**Task prompt:**
The response should consist of the data below, copied exactly, with no pictures in it.

┌─ Source material

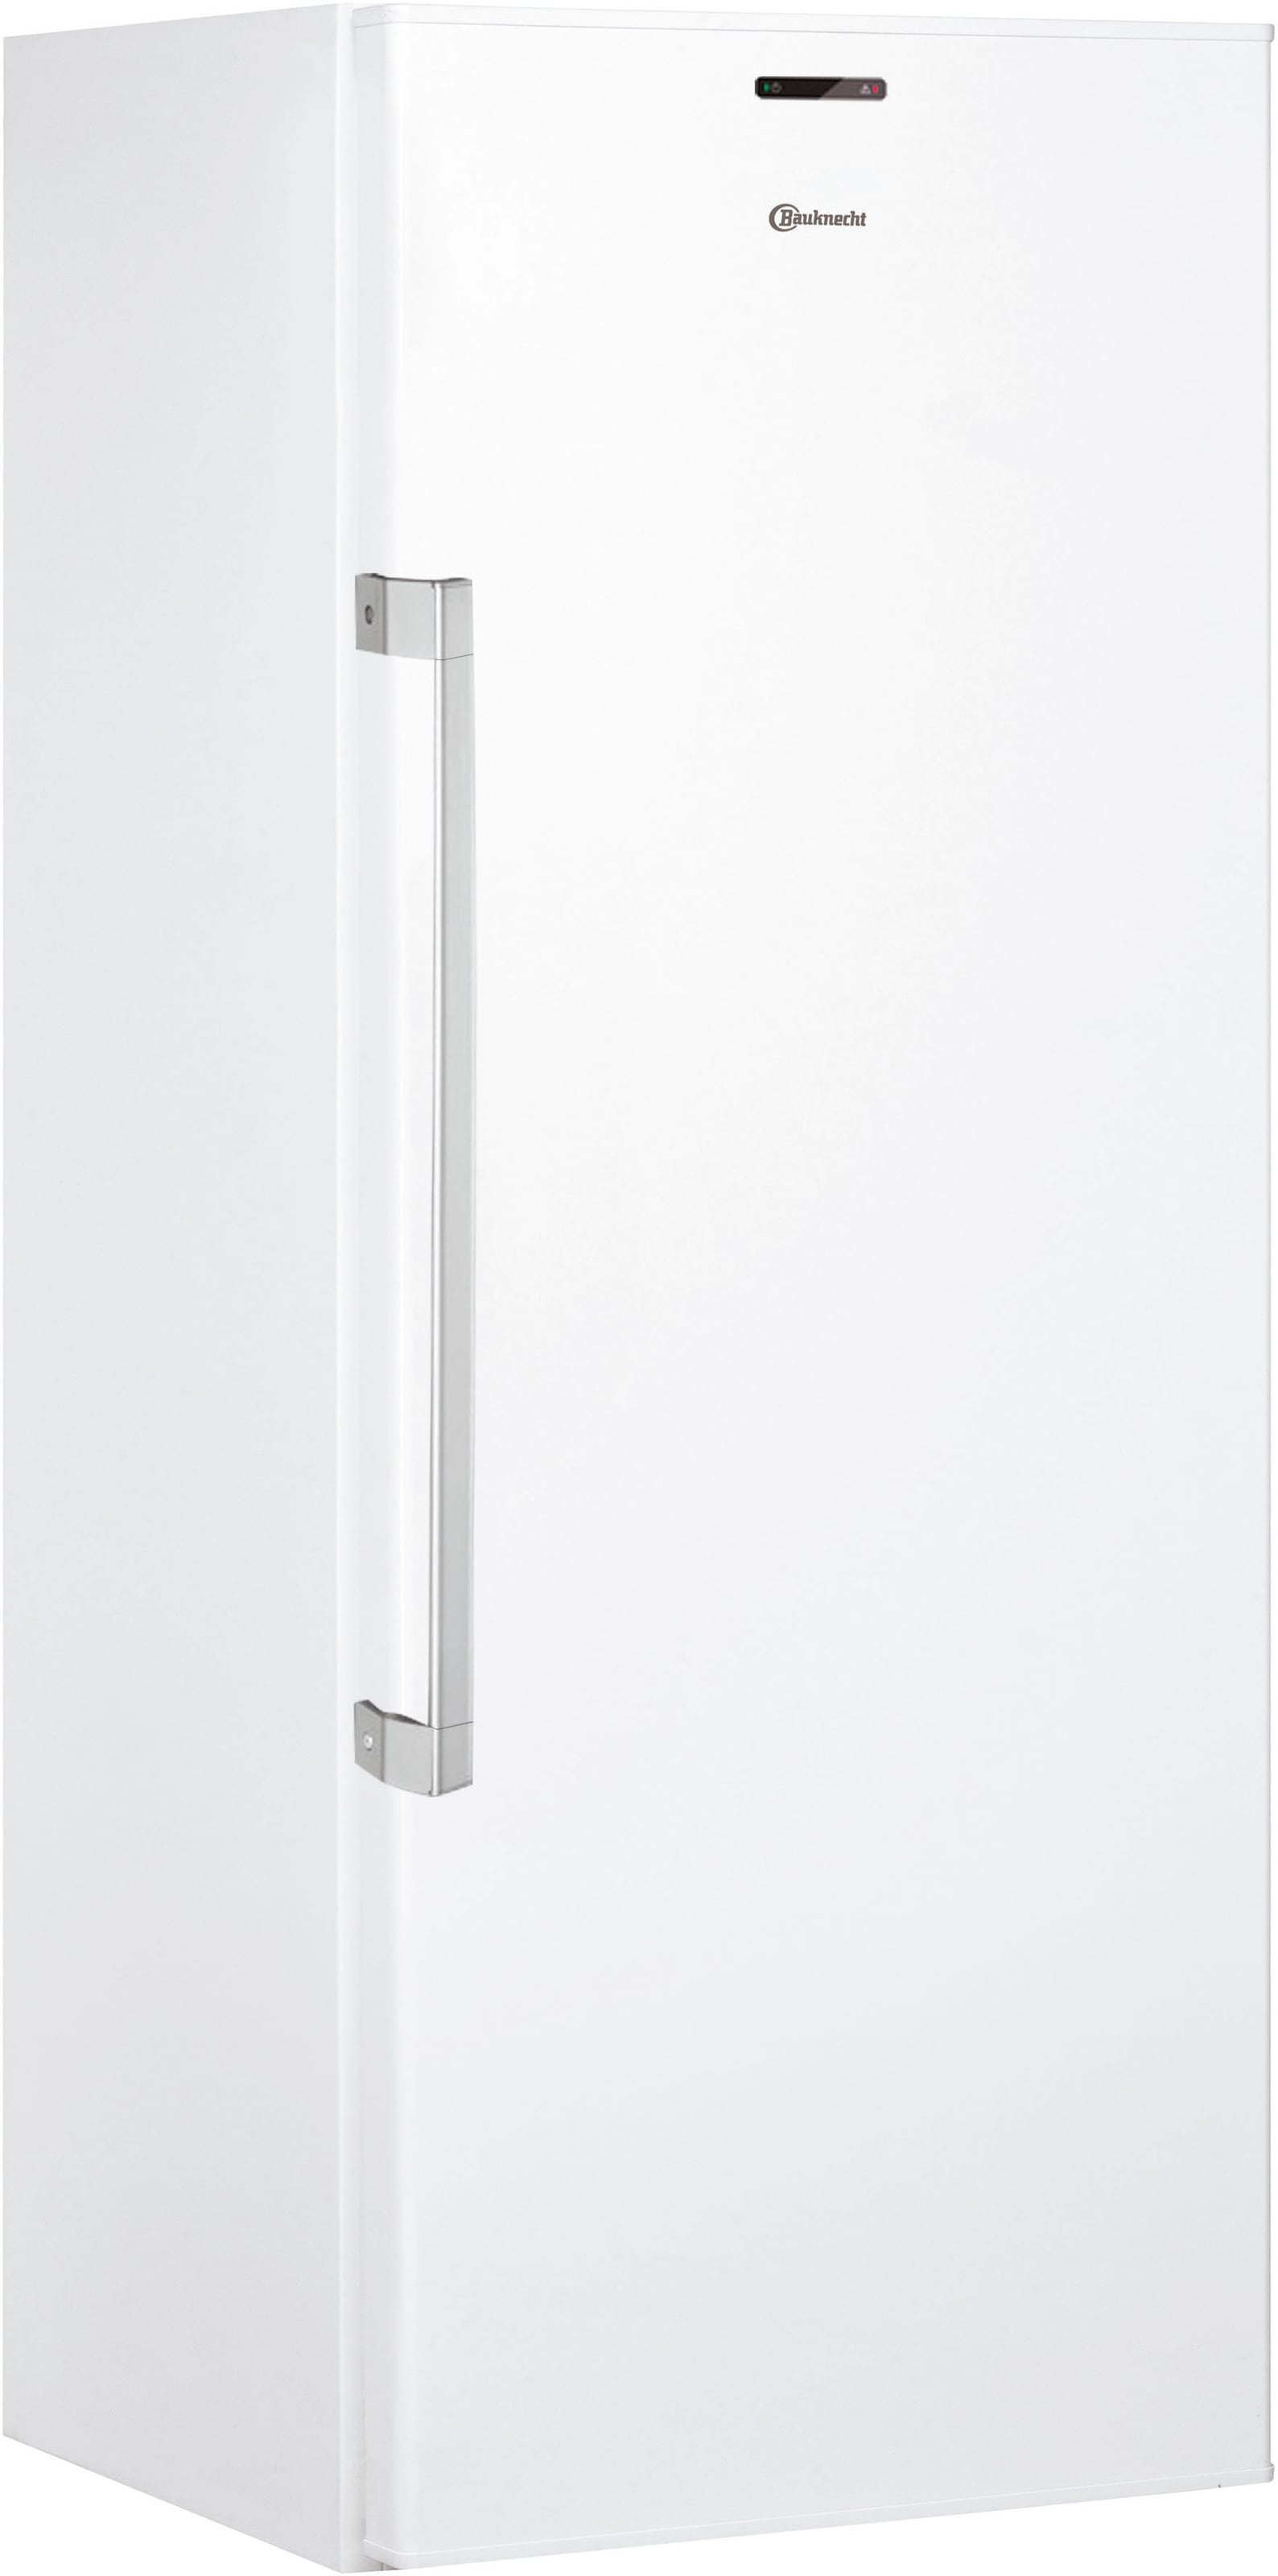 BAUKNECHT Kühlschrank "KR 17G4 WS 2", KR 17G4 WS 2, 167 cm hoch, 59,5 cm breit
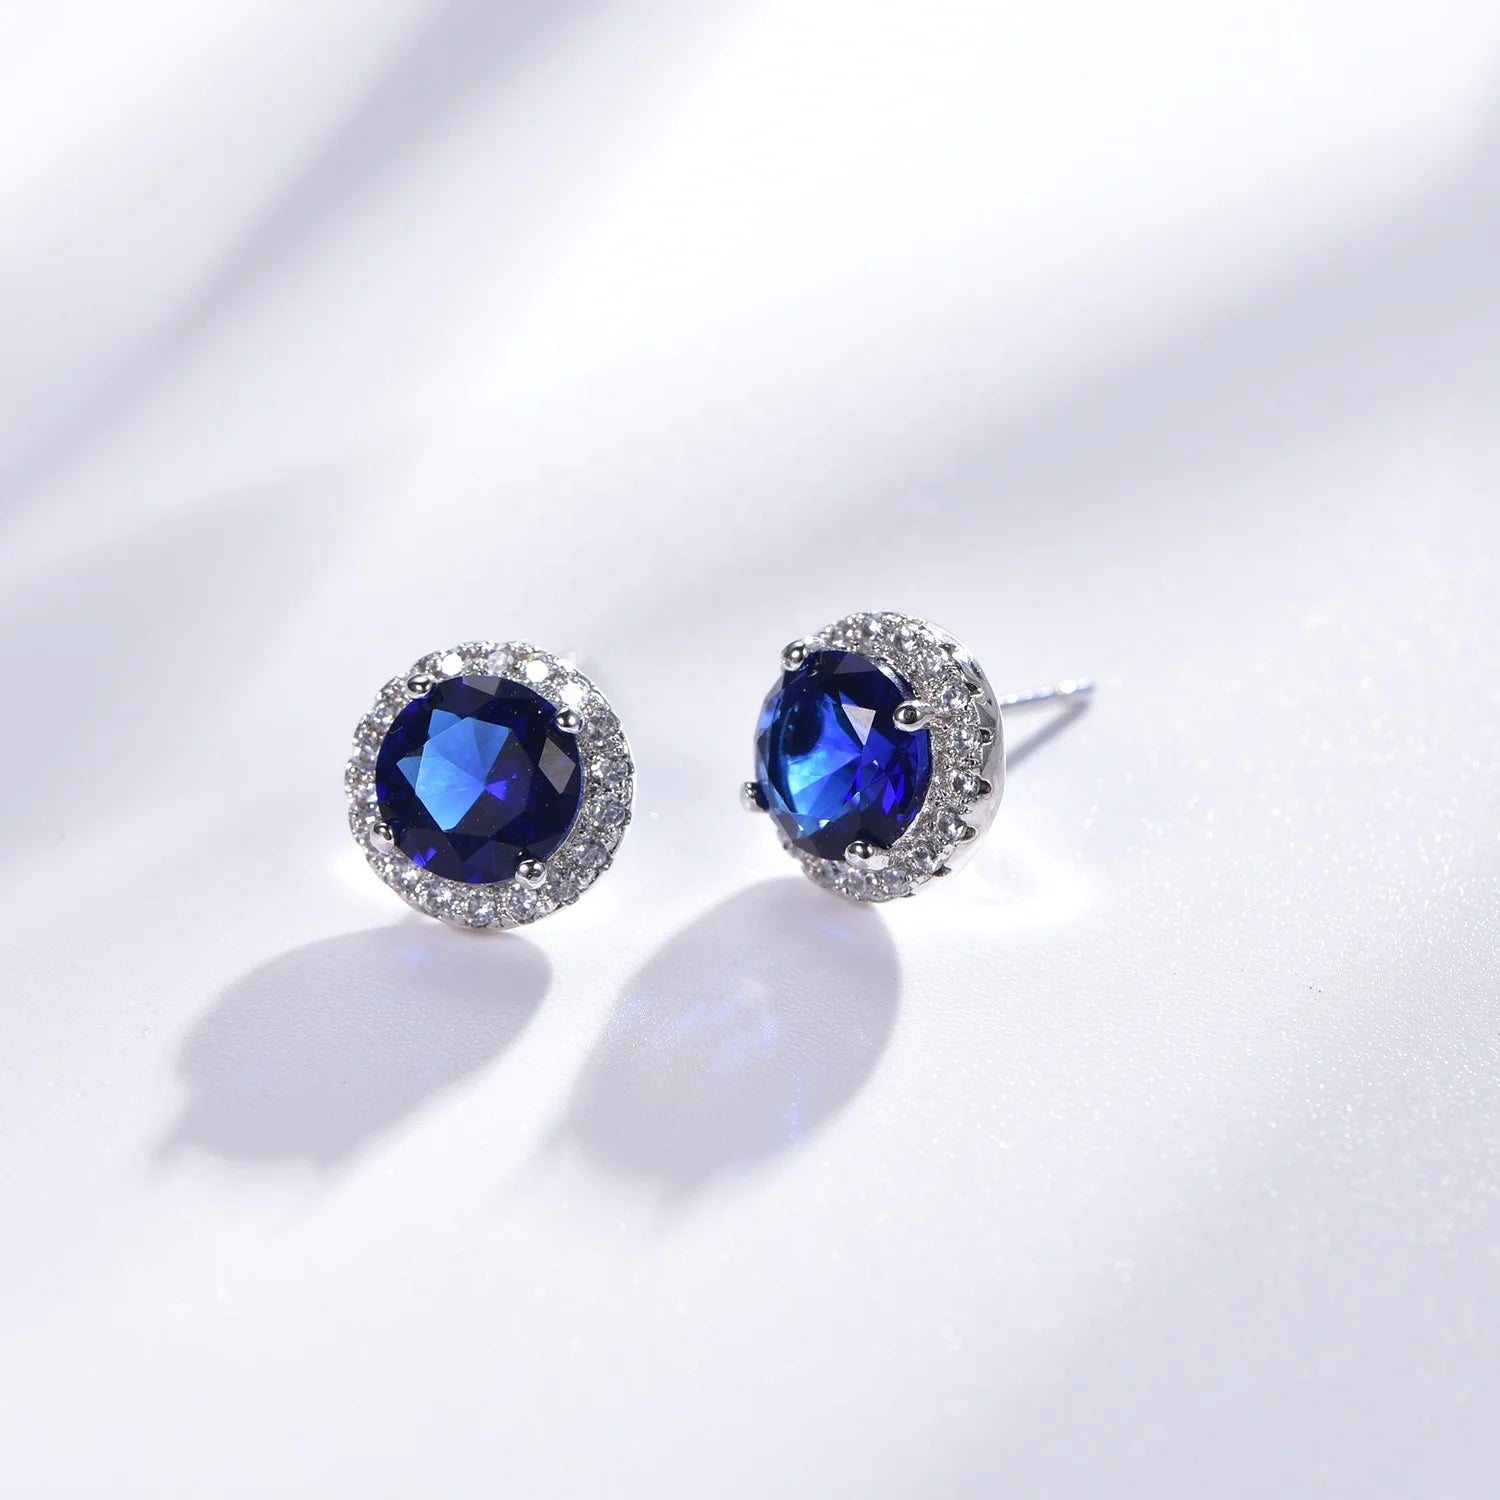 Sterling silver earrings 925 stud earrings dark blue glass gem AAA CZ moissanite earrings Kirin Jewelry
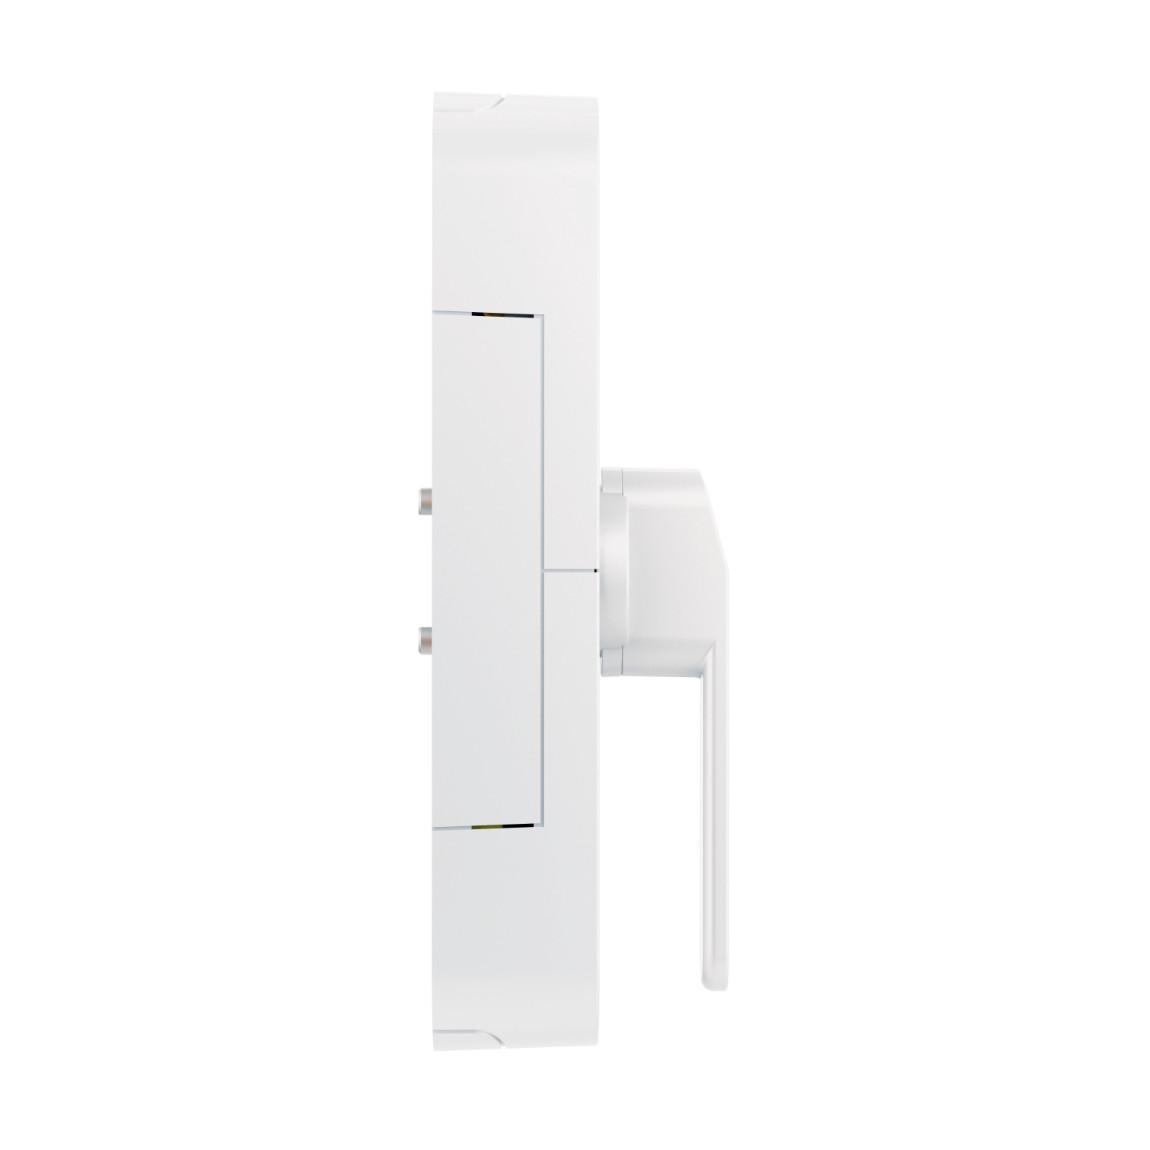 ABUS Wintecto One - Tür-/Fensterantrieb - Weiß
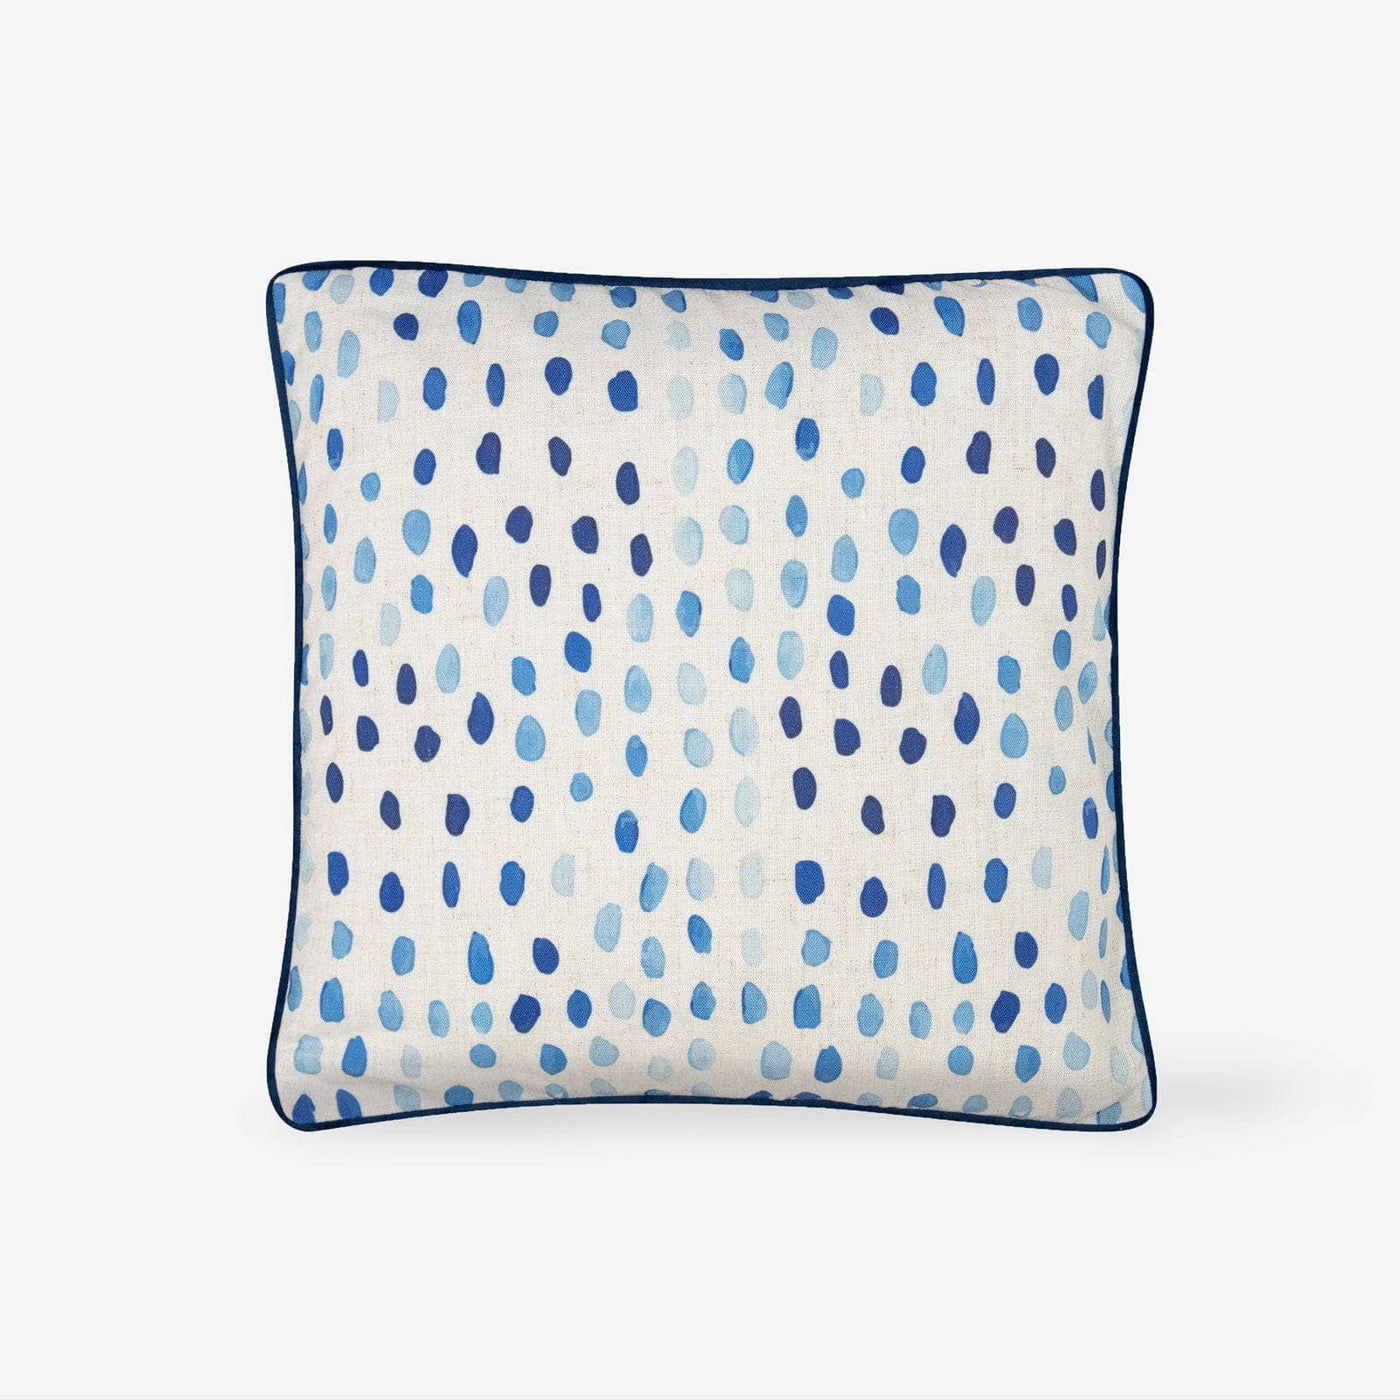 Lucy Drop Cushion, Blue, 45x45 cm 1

└─

**Your response:**
 BAUKNECHT Kühlschrank "KR 17G4 WS 2", KR 17G4 WS 2, 167 cm hoch, 59,5 cm breit
 Sterling silver earrings 925 stud earrings dark blue glass gem AAA CZ moissanite earrings Kirin Jewelry
 ABUS Wintecto One - Tür-/Fensterantrieb - Weiß
 Lucy Drop Cushion, Blue, 45x45 cm 1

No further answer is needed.